Sheffield City Region Vision - A Better Future Together
For roughly a the last year, Sheffield Teaching Hospitals NHS Trust and the two Sheffield universities have been working with other partners to develop a vision for the city region that takes a 25 year view of its challenges and opportunities. This vision document is being launched on Friday the 17th Feb.
More information can be found here.
SmartCity Funding Opportunities
Following the talks, we also discussed some smart city funding opportunities, and how we might work together to unlock some of them. Below are the three funds that I highlighted that could present opportunities for the Sheffield smart city ecosystem to develop consortia and pilot projects. In addition, we discussed whether to use some of the meetup time to develop ideas and proposals, but the consensus decision was that the meetups weren’t the best forum for this, mainly because this process needs time and attention, both of which are in short supply at the meetups especially following a good programme of talks and discussion.
Therefore, we will look to create some side-events to look at specific opportunities and invite the community to self-select their attendance and level of participation.

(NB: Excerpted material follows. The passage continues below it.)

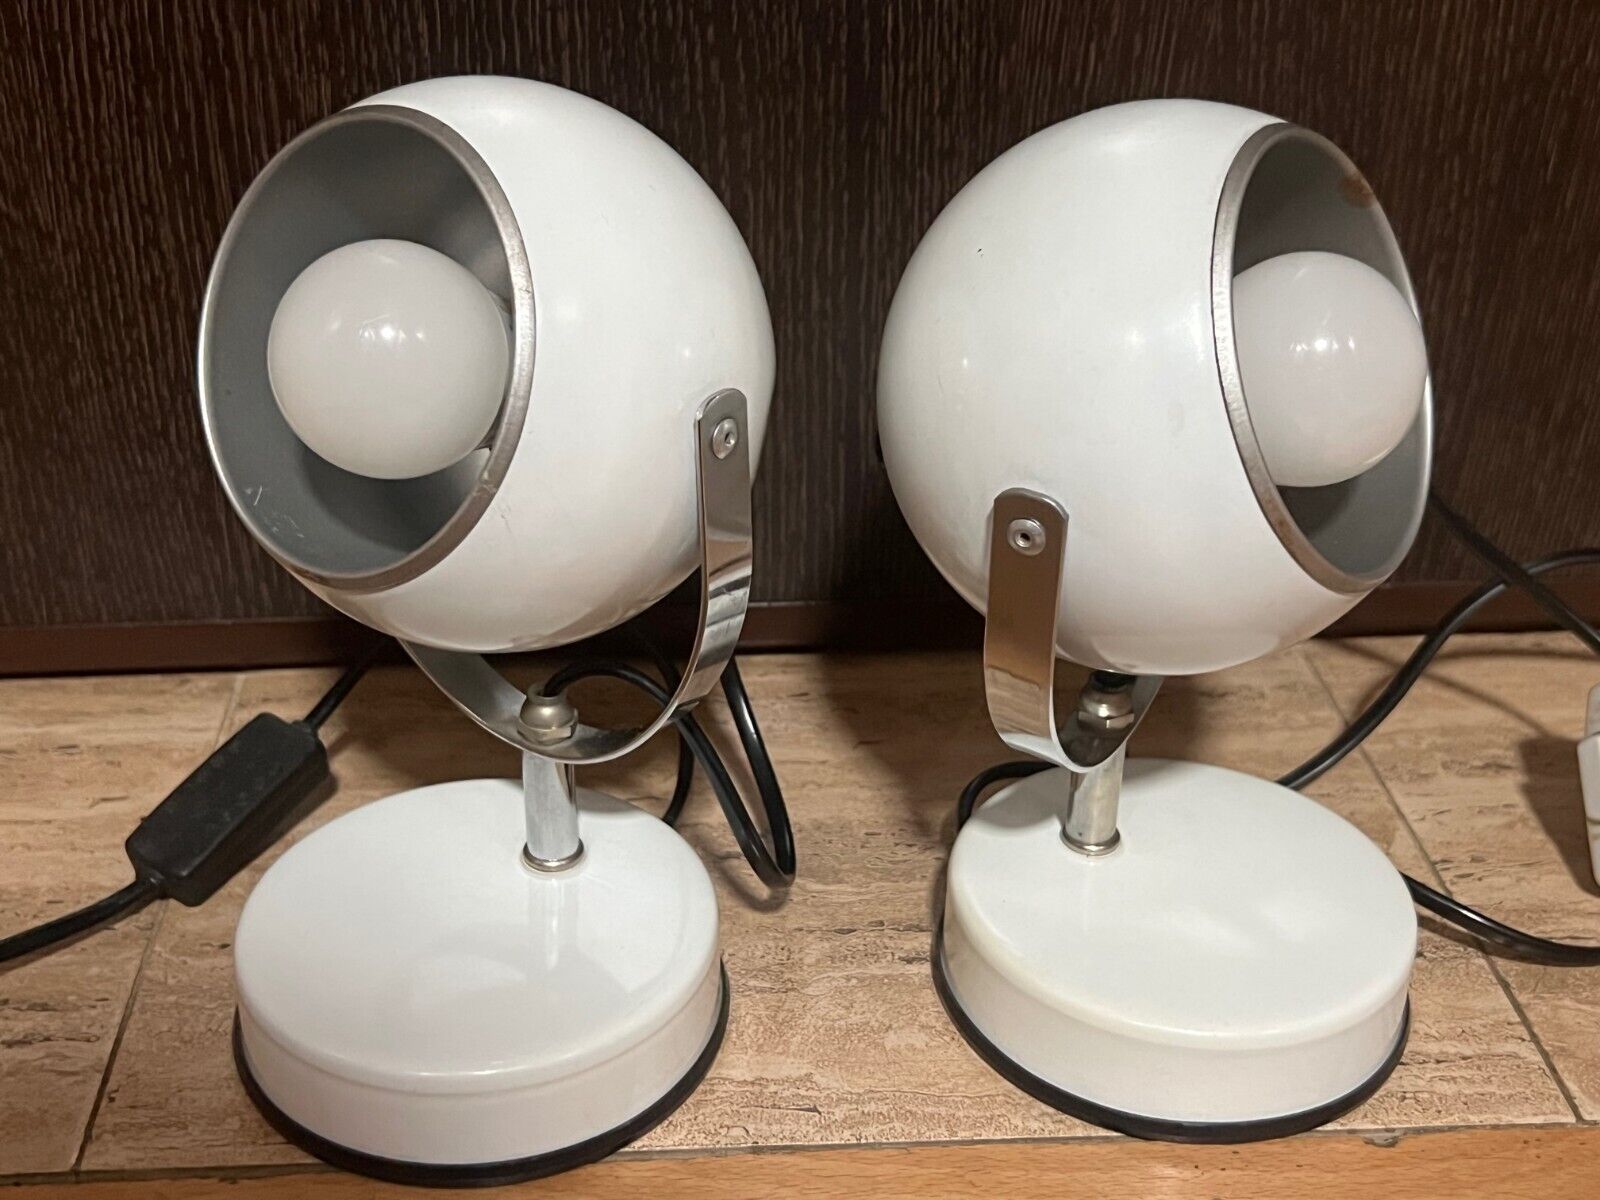 1970s Pair Of White Eyeball Table Lamps By Veneta Lumi. Made In Italy

We can either organise these or promote and support community members who want to initiate their own collaborations (likely both), so please get in touch and let us know if there is an opportunity you would like to work on and are seeking partners to develop with, and we’ll get the word out and help with venue, etc.

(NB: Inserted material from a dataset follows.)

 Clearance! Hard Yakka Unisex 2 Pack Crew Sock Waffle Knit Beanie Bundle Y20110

Here are the current funding opportunities that we highlighted at the meetup:
Innovate UK: Innovation in Infrastructure Systems - Round 2
In summary:
Projects must show significant innovation in one of the priority areas:
‘smart’ infrastructure
energy systems
connected transport
urban living
Proposals must improve business growth, productivity and/or create export opportunities for at least one UK small and medium-sized enterprise (SME) involved in the project.
There are 2 competition options:
£5 million for projects that last from 3 months to 1 year with costs from £25,000 to £100,000
£10 million for projects lasting from 1 year to 3 years with costs between £100,000 and £5 million
The competition opened on 16 January 2017.

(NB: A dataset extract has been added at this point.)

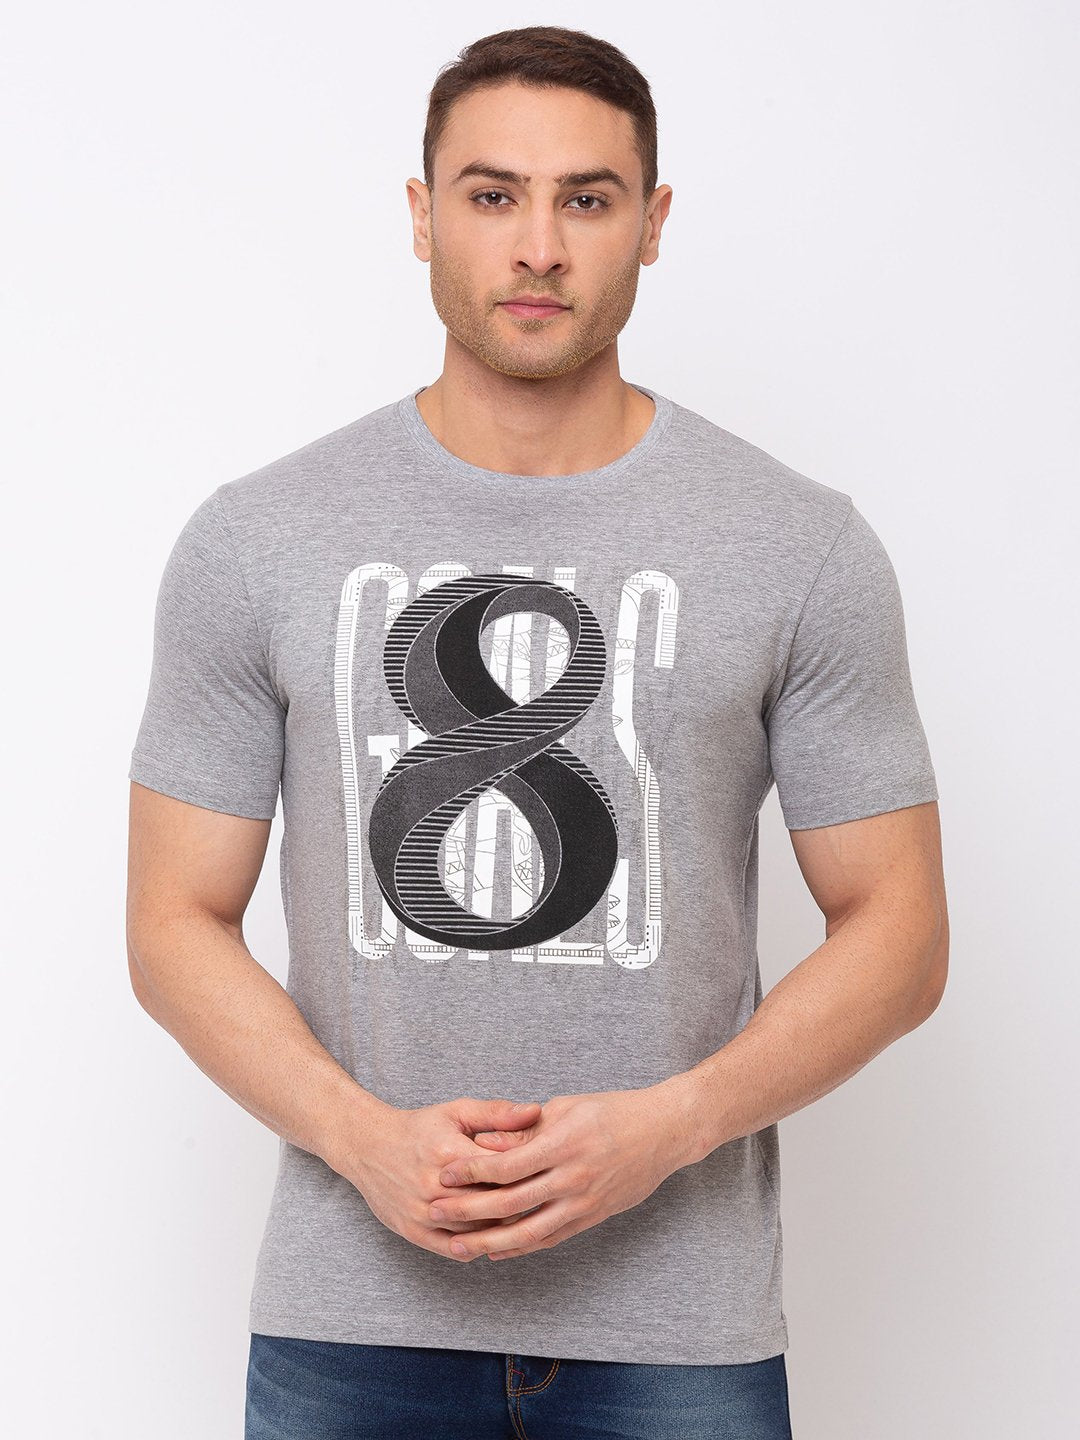 Status Quo |Chest Print Round Neck T-shirt with HD Print - M, L, XL, XXL

Initial registrations must be in before midday on 15 March 2017.
Full details can be found here.
Innovate UK: Sustainable Urbanisation Global Initiative - Food/Water/Energy Nexus
In summary:
This competition looks for new understanding and solutions to the systemic management of food, water and energy in cities. It is an international collaborative competition requiring the participation of at least 3 different countries.
The total available budget for this competition is €28.5 million, including support from the European Commission through Horizon 2020. The UK is to provide around £1.6 million in order to fund 6 to 7 UK projects. The maximum amount of funding for a UK project will be €300,000.
Collaborative UK consortia will be jointly funded by the Economic and Social Research Council (ESRC), the Arts and Humanities Research Council (AHRC) and Innovate UK. All UK consortia must include partners and work programmes that are relevant to all 3 funding agencies. The UK element of the competition will be managed by ESRC.
The competition opened on 9 December 2016
The deadline for pre-proposals is 6:00pm (GMT) on 15 March 2017
Full details are here.
Industrial Strategy Challenge Fund - Integrated & Sustainable Cities
This funding stream is still in the consultation phase and full details have not been released yet, however we know that the “Integrated and Sustainable Cities” application area is one of ten areas the UK government is looking to support with research and development funding under this umbrella, and there is an article on the current situation and planned activity at Innovate UK’s blog here.
Right, that’s it for this month. Thanks everyone for coming and getting involved!
We’ll announce the next meetup, and workshop activities shortly but meanwhile please mark Monday the 6th March in your diary as that will most likely be the date of the next meetup.